- _DATA EXCERPT_

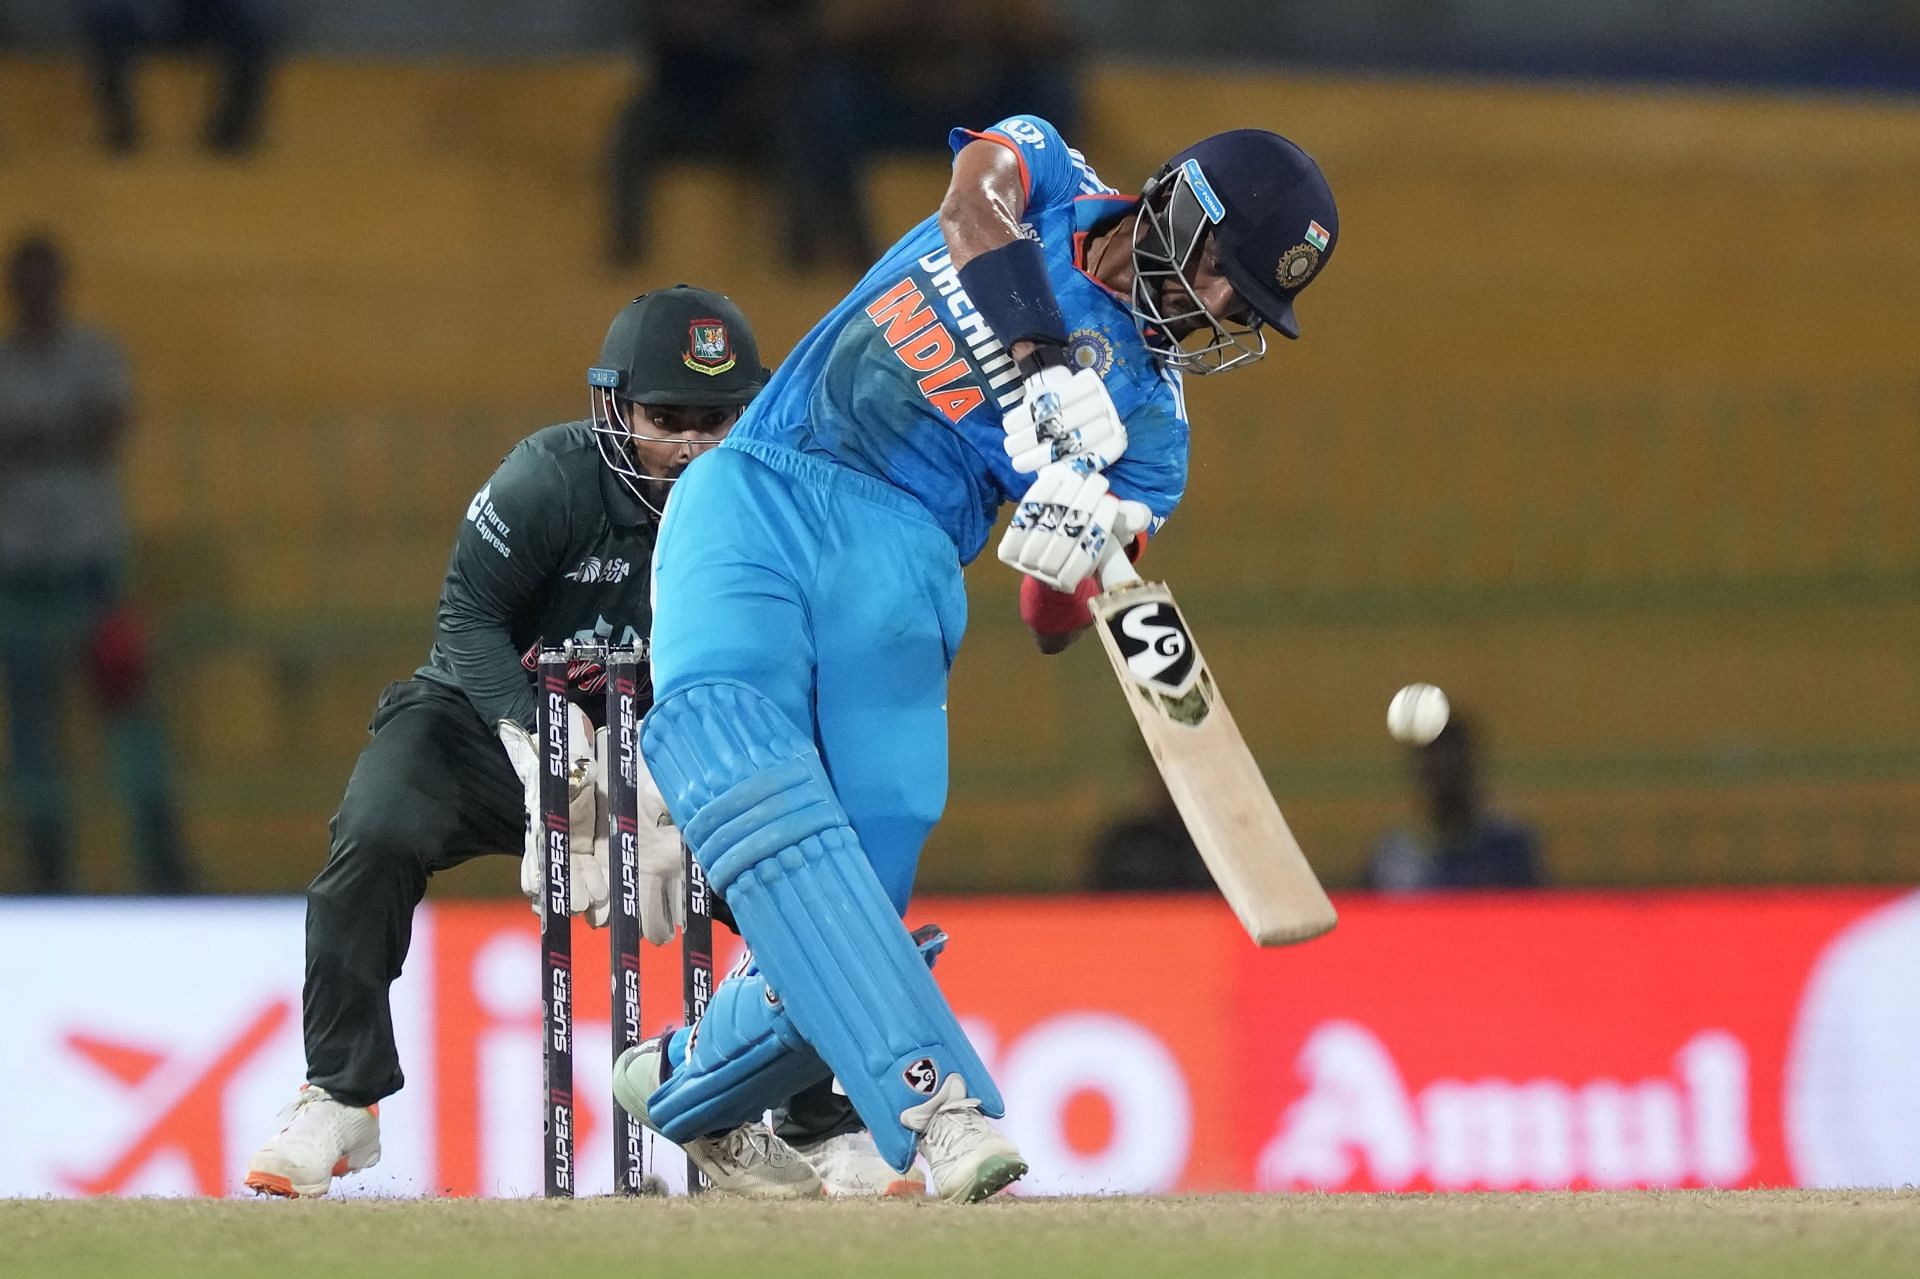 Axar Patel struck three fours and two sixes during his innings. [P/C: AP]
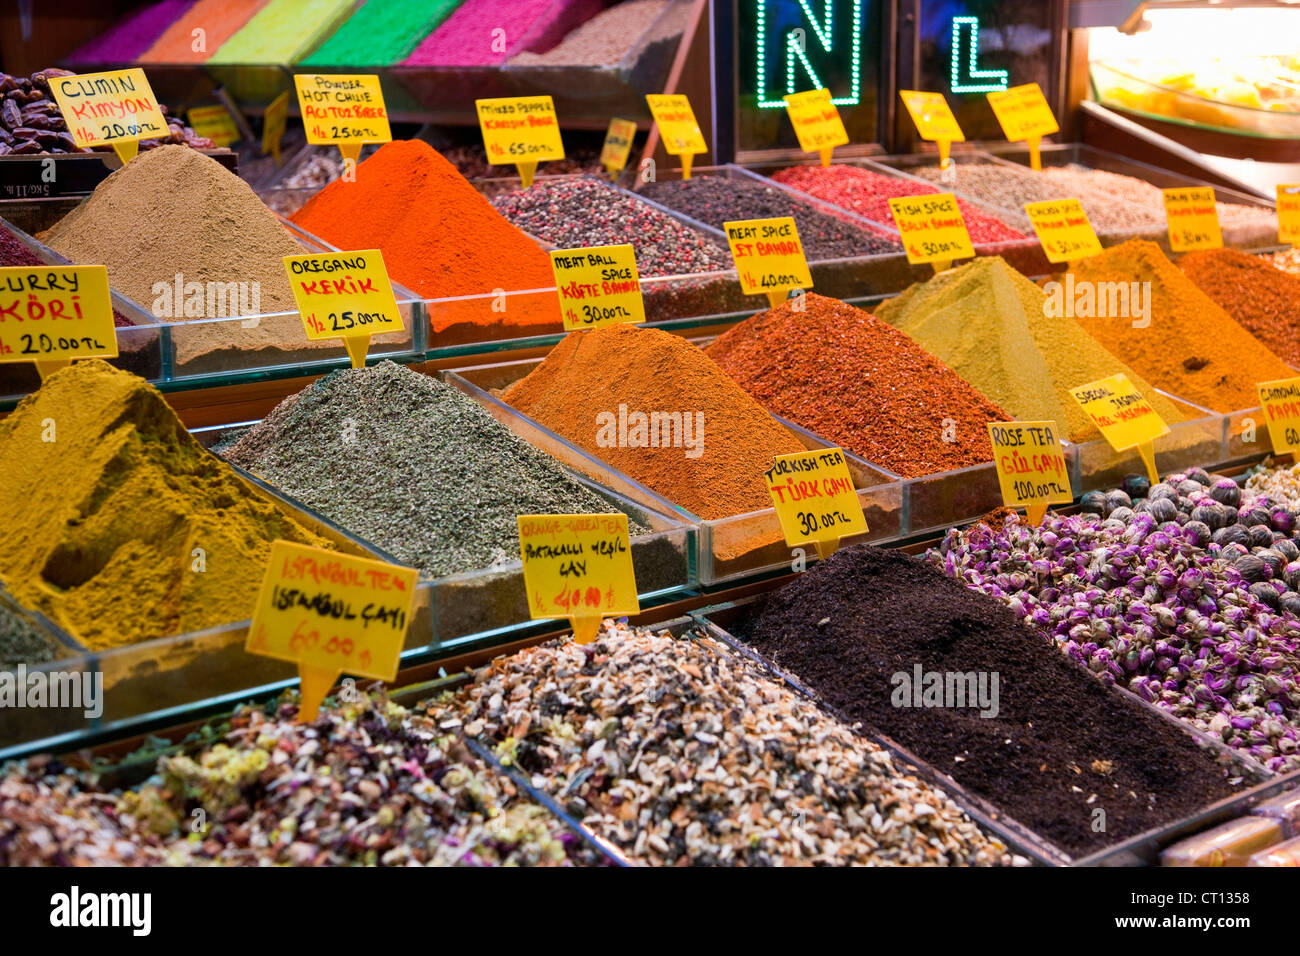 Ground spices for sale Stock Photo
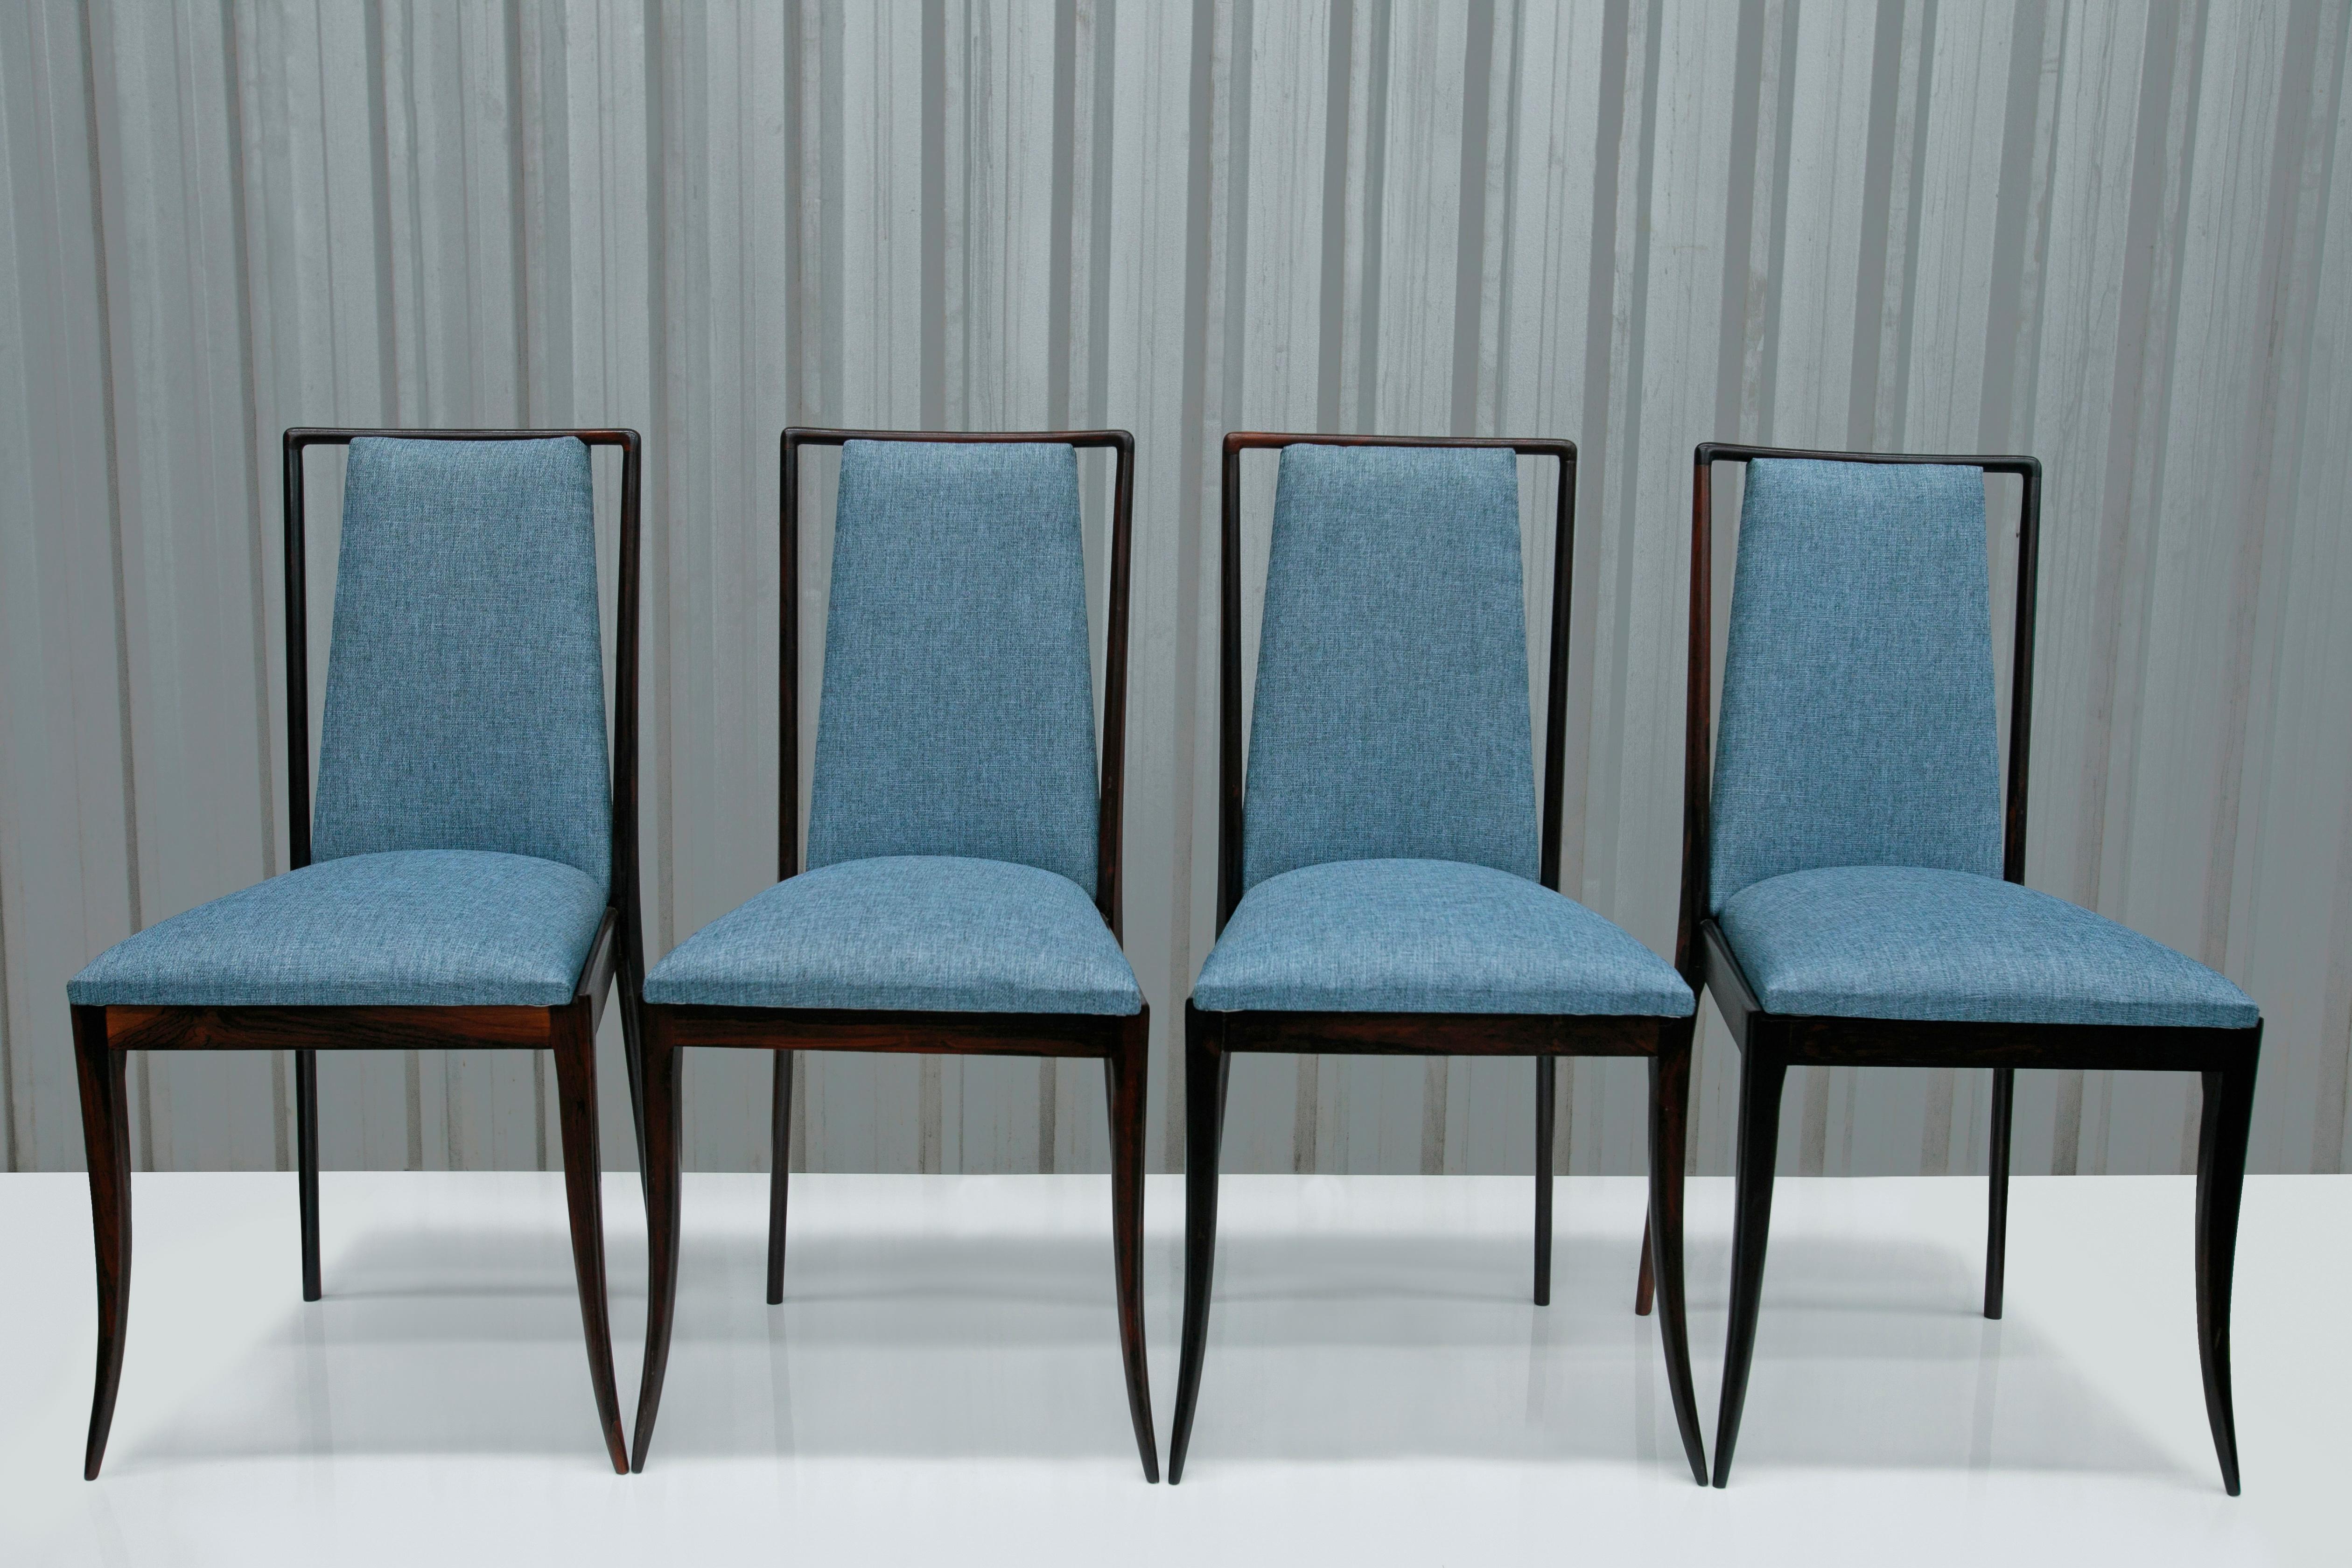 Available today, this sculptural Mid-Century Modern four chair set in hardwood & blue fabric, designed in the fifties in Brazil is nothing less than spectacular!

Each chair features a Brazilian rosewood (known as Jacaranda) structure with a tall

- _WORK INSTRUCTION_
Restate the listing word for word. Pictures do not belong in the copy.

- _TASK OUTPUT_
 Axar Patel struck three fours and two sixes during his innings. [P/C: AP]
 Ground spices for sale Stock Photo
 Available today, this sculptural Mid-Century Modern four chair set in hardwood & blue fabric, designed in the fifties in Brazil is nothing less than spectacular!

Each chair features a Brazilian rosewood (known as Jacaranda) structure with a tall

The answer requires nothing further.